For their part, the race of Angels feel acute pain at any new change, "like the snap of a whip infinitely long" - starting from the very moment when they felt themselves come into being "Oldest of the Old Races, though the last which the Otherhood's changes brought into being". They know their future, too - unbearably, they know that the rate of random changes will become worse and worse, and that this world, which they love, is doomed to "sicken and fail". Therefore, they charge the President pro tem to "put out this world like a light". He must go back, prevent Winterset (who is himself) from killing Rhodes - and thereby annul the Otherhood, destroy this alternate history which the Otherhood brought into being, and restore the "true" Original Situation. Crying bitterly, the President sees no choice but to do it.

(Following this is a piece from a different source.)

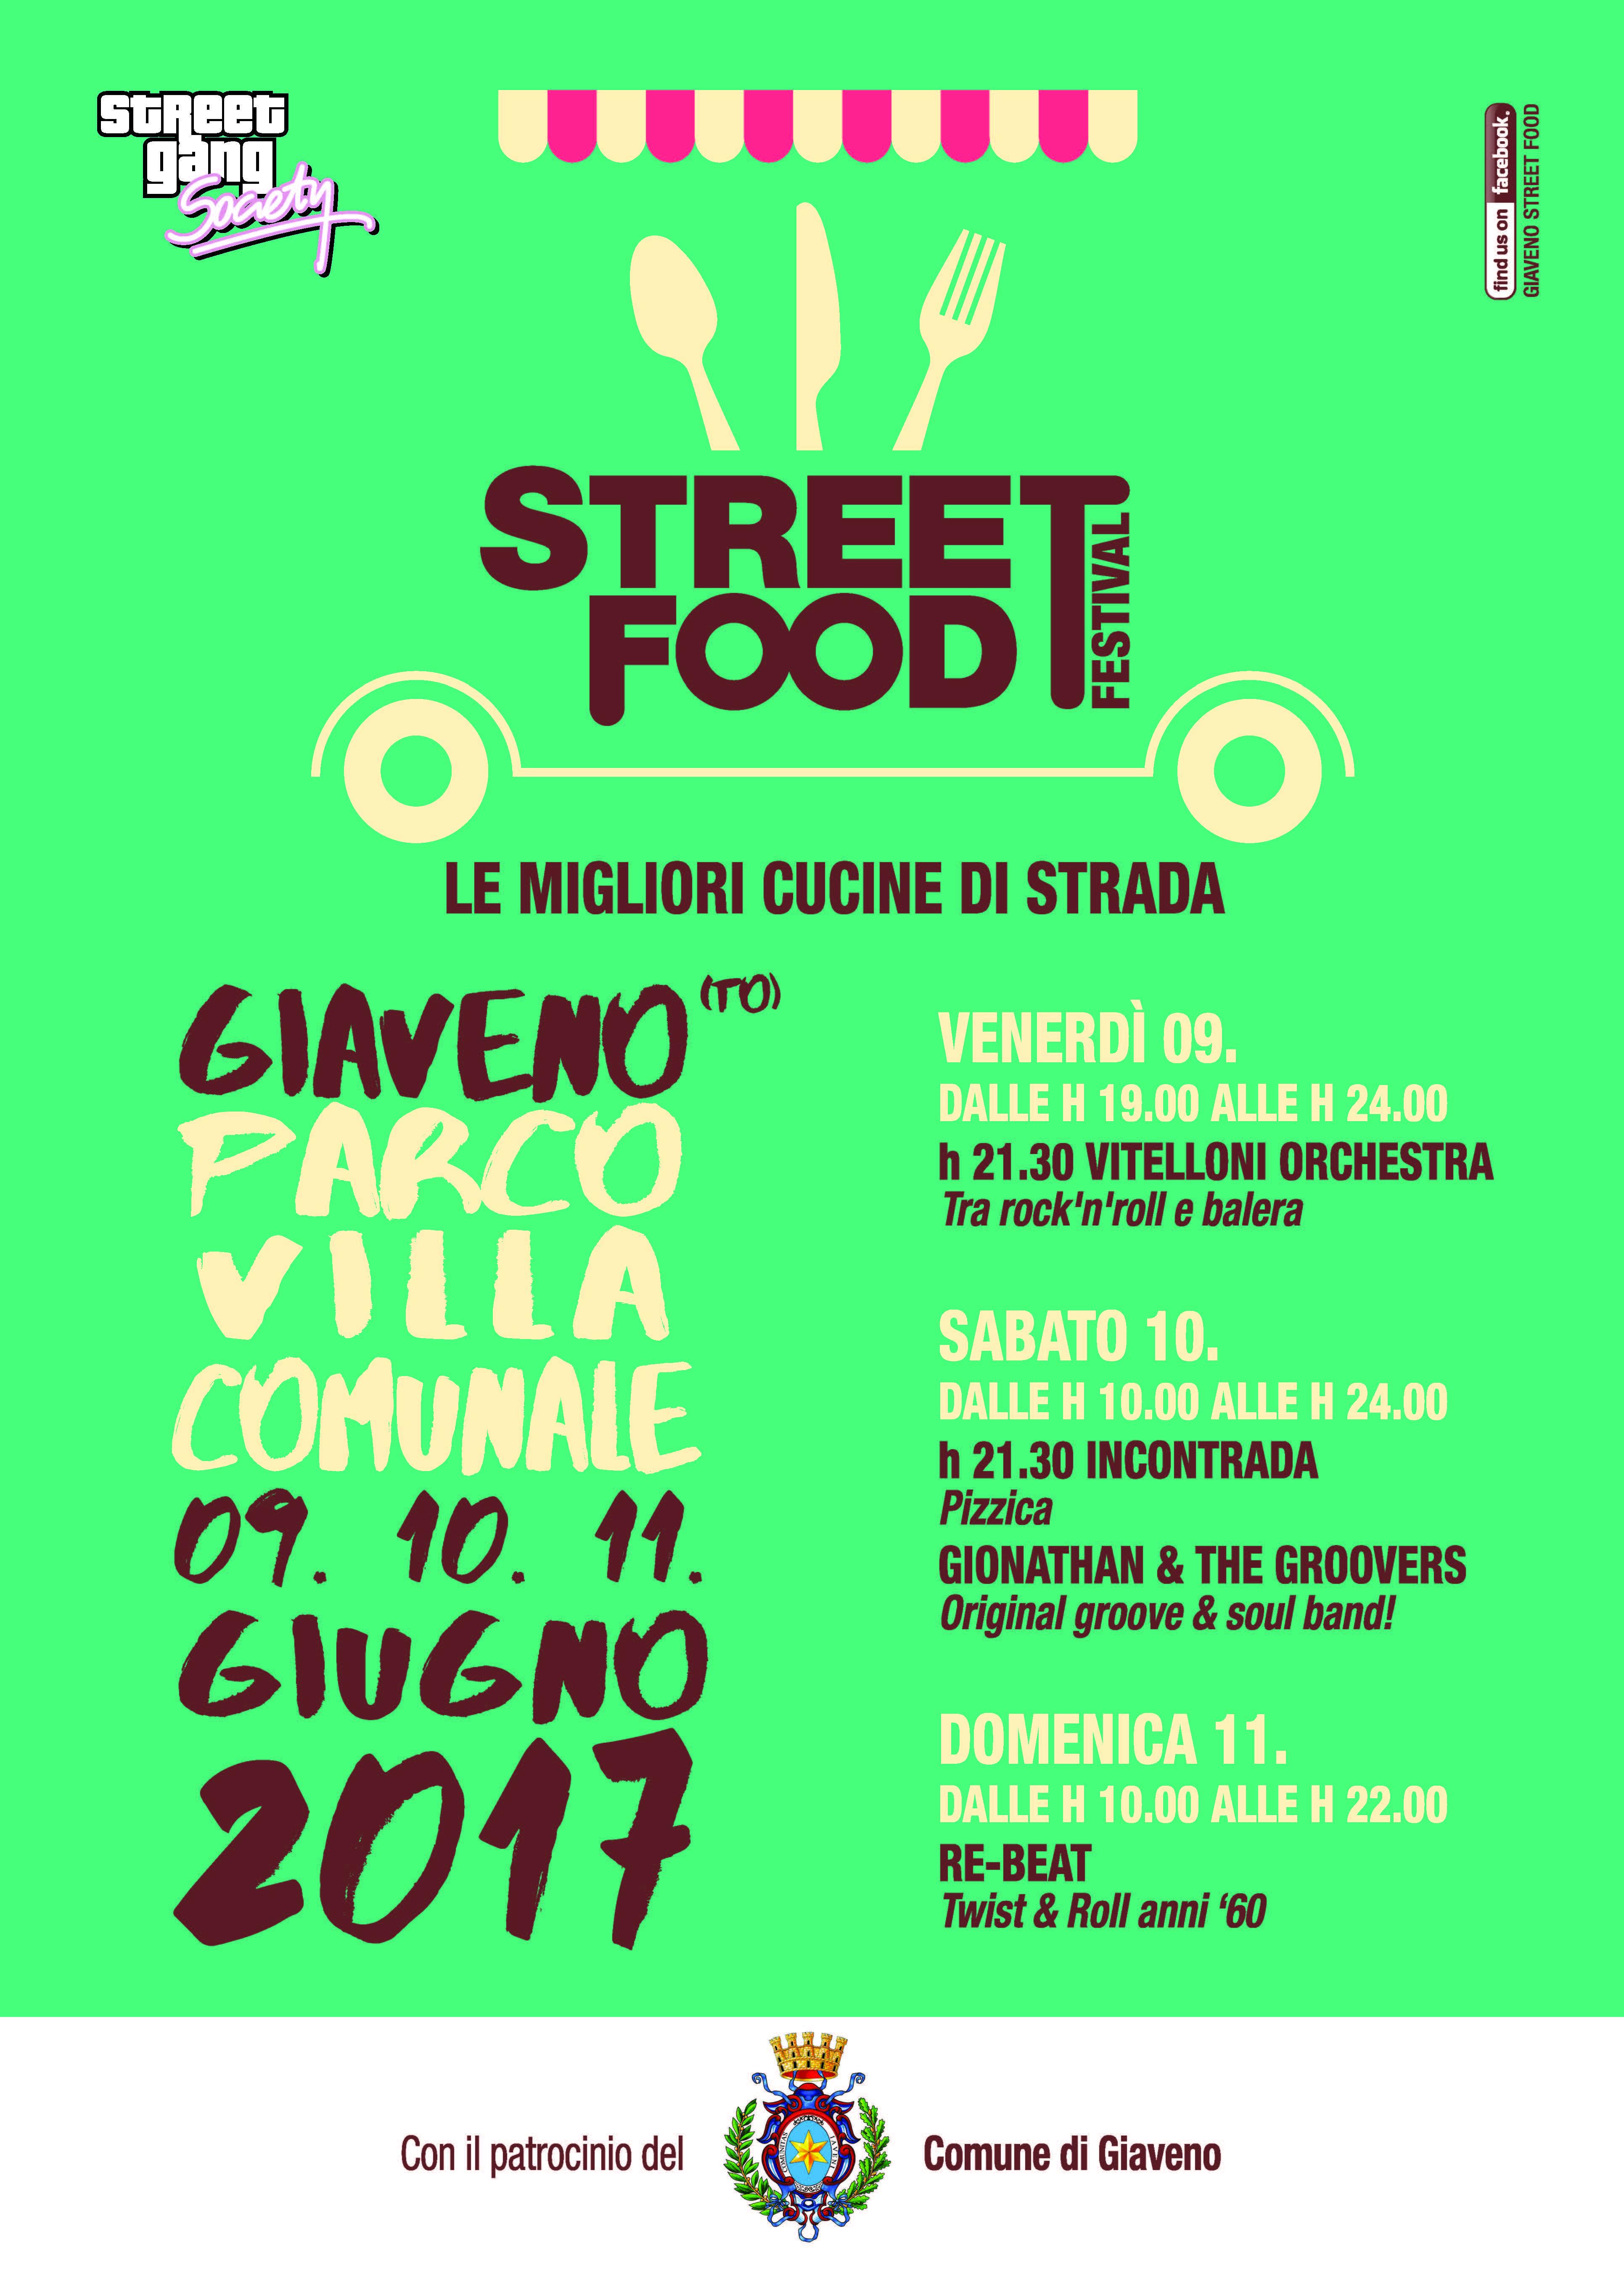 Street Food Festival – da sabato 9 a domenica 11 giugno 2017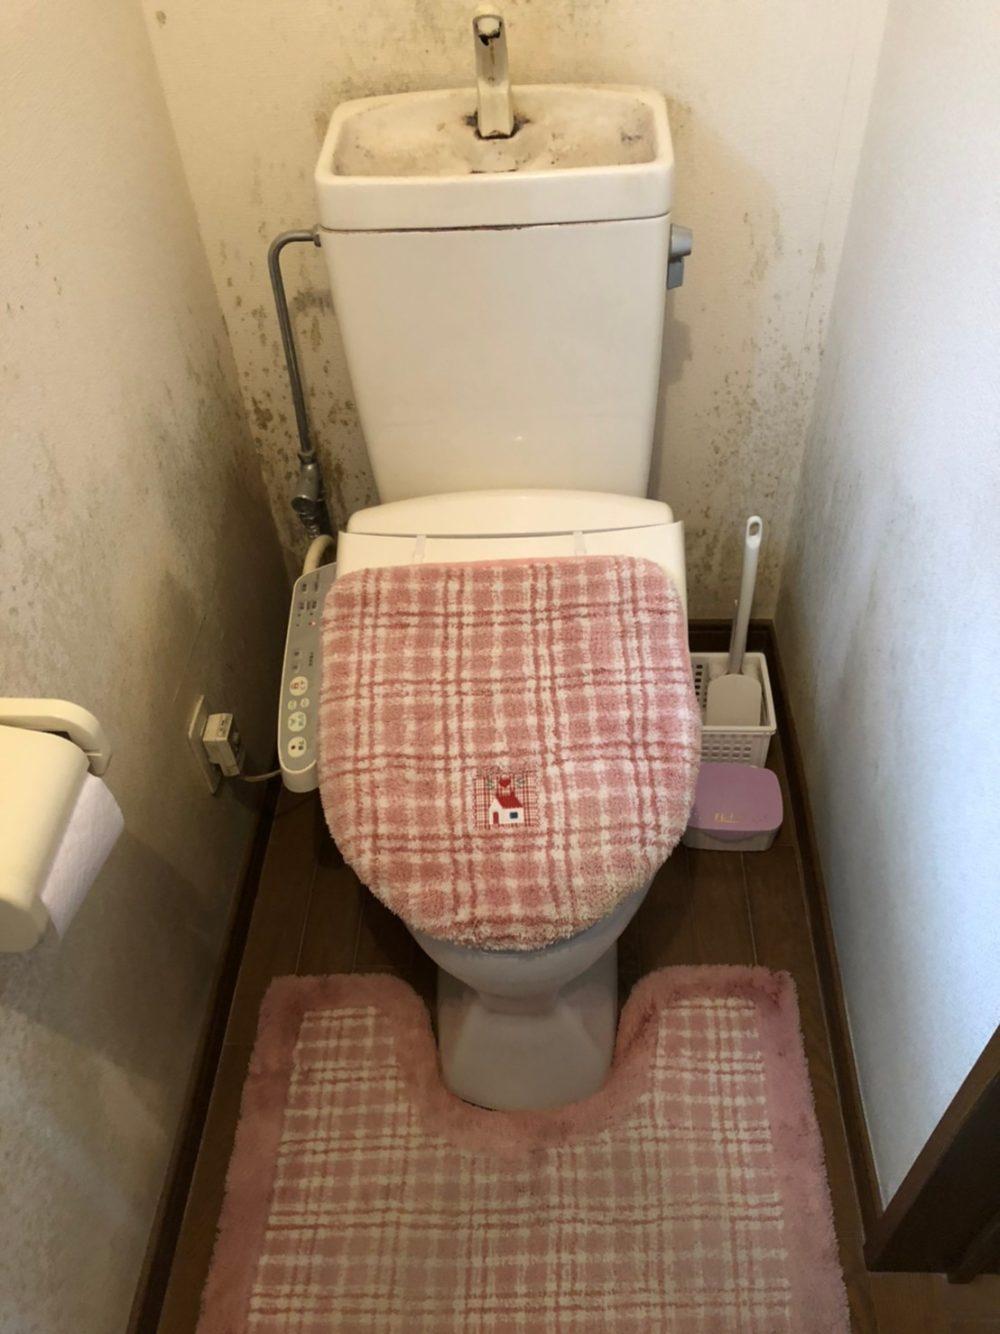 高崎市にてトイレの水漏れの影響でカビが発生したとのことで現場調査に行ってきました!

Meanwhile, a younger Winterset has arrived in 1893 Capetown and has no difficulty in gaining the trust of Cecil Rhodes, as he exactly fits the type of young man Rhodes likes to have about him (which is why the Otherhood chose Winterset for the job). But at the moment of opportunity - when Rhodes trustingly turns his back in the night, and Winterset could shoot him and make good his escape - Winterset fails to pull the trigger, due to some kind of an outside interference. (Winterset dimly remembers an apparition appearing during his sleep - evidently the older Winterset/President pro tem using some kind of future-hypnosis). Winterset's failure to act has immediate, far-reaching and irreversible results: Rhodes survives, the Otherhood is therefore never formed, and there is no backup team with a time-machine to take Winterset back to the future - indeed, the future he came from no longer exists. Winterset is trapped in the past, enters the service of Rhodes and witnesses first-hand the ugly and brutal side of Rhodes's independent colony-building - very far from Winterset's idea of the British Empire in which he grew up. Later on, Winterset can only watch helplessly as "The Original Situation" reasserts itself, the world is convulsed by two World Wars and the second one is followed by the breakup of the British Empire.

In the final chapter, Winterset, a young man, now living in the "true" twentieth century history, enters the Colonial Service though it is a doomed institution with the Empire's colonies being ceaded to new independent nations in Africa. He meets his older self in 1956 in Africa and learns of the truth of time-travel. He helps his older self to escape from Africa amid the chaos, and returns to London, where the story ends with their last meeting many years later.

Winterset notes in the Times newspaper "the sale of the single known example of the 1856 magenta British Guiana" stamp, known to have been owned in 1956 by the Otherhood, and Winterset states that he realises that time-travel means that all the narrative sequence of his story is still vulnerable to being re-written by time-travel.

Analysis

As noted[2] by critic Susan Young:

'Great Work of Time' has the same basic outline as Isaac Asimov's The End of Eternity - i.e. a secret society of well-meaning time travelers bent on remodeling history, and a young man recruited into the society in order to make a specific change that would bring this society itself into being. The details of what the time travelers do and where in time they operate are much different from those in Asimov's book. However, in both books, the society's operations come to a halt through the influence of people from the future, because the society's actions endanger the existence of the future.

Publication history

  • Novelty: Four Stories, 1989
  • The Great Work of Time, 1992, publisher: Spectra, ISBN 0-553-29319-2
  • Novelties & Souvenirs: Collected Short Fiction, 2004, publisher: Harper Perennial, ISBN 978-0-380-73106-0 [3]
  • A Science Fiction Omnibus, 2007, edited by Brian Aldiss, publisher: Penguin books, ISBN 978-0-14-118892-8

Awards

The story won the World Fantasy Award for Best Novella in 1990.[4]

References

  1. Horatian Ode upon Cromwell's Return from Ireland. A. Marvell. The Golden Treasury
  2. "Susan F. Young", "Well-Meaning Do-Gooders and Time-Travel Paradoxes" in Edward Bell (ed.) The Sociology of Science Fiction
  3. fantasicfiction.co.uk accessed: 3 October 2008
  4. World Fantasy Convention. "Award Winners and Nominees". Archived from the original on 1 December 2010. Retrieved 4 February 2011.